[[ Input material, beginning ]]
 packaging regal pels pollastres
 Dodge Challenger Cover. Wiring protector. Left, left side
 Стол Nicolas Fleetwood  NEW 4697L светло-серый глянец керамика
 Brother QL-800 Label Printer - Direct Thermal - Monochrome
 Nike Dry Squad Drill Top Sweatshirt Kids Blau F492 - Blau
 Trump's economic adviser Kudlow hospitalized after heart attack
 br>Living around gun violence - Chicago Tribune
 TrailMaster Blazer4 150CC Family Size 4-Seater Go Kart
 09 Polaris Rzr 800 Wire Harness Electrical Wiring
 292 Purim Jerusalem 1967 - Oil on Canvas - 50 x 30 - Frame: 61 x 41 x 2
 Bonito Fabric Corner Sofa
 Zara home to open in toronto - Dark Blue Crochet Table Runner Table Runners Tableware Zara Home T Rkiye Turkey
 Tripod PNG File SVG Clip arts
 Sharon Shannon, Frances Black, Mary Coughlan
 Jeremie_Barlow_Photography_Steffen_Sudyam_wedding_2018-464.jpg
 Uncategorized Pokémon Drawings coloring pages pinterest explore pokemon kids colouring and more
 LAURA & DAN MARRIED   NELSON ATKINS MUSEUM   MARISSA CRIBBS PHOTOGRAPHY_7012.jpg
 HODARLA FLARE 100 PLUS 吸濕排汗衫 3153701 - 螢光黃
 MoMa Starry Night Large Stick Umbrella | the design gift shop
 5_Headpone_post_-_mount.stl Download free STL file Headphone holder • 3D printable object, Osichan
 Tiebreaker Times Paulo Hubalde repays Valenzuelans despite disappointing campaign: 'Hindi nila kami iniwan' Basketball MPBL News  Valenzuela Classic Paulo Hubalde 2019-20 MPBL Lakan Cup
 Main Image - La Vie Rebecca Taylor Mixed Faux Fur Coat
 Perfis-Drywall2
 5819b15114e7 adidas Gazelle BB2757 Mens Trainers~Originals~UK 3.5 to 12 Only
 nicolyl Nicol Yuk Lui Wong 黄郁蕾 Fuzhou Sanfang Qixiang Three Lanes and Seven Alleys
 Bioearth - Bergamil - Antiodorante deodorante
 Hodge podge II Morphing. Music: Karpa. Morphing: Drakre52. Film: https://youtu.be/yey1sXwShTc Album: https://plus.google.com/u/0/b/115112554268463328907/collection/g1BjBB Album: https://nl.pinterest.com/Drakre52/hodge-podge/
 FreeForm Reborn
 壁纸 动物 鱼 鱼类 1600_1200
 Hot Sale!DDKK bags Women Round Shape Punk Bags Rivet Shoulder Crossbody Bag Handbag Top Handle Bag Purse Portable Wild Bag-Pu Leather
[[ Input material, end ]]
| Exercise prompt |
Above are the lines; repeat exactly the ones from the line containing "Jeremie_Barlow_Photography_Steffen_Sudyam_wedding_2018-464.jpg" down to the line containing "壁纸 动物 鱼 鱼类 1600_1200", both inclusive.

| Output below |
 Jeremie_Barlow_Photography_Steffen_Sudyam_wedding_2018-464.jpg
 Uncategorized Pokémon Drawings coloring pages pinterest explore pokemon kids colouring and more
 LAURA & DAN MARRIED   NELSON ATKINS MUSEUM   MARISSA CRIBBS PHOTOGRAPHY_7012.jpg
 HODARLA FLARE 100 PLUS 吸濕排汗衫 3153701 - 螢光黃
 MoMa Starry Night Large Stick Umbrella | the design gift shop
 5_Headpone_post_-_mount.stl Download free STL file Headphone holder • 3D printable object, Osichan
 Tiebreaker Times Paulo Hubalde repays Valenzuelans despite disappointing campaign: 'Hindi nila kami iniwan' Basketball MPBL News  Valenzuela Classic Paulo Hubalde 2019-20 MPBL Lakan Cup
 Main Image - La Vie Rebecca Taylor Mixed Faux Fur Coat
 Perfis-Drywall2
 5819b15114e7 adidas Gazelle BB2757 Mens Trainers~Originals~UK 3.5 to 12 Only
 nicolyl Nicol Yuk Lui Wong 黄郁蕾 Fuzhou Sanfang Qixiang Three Lanes and Seven Alleys
 Bioearth - Bergamil - Antiodorante deodorante
 Hodge podge II Morphing. Music: Karpa. Morphing: Drakre52. Film: https://youtu.be/yey1sXwShTc Album: https://plus.google.com/u/0/b/115112554268463328907/collection/g1BjBB Album: https://nl.pinterest.com/Drakre52/hodge-podge/
 FreeForm Reborn
 壁纸 动物 鱼 鱼类 1600_1200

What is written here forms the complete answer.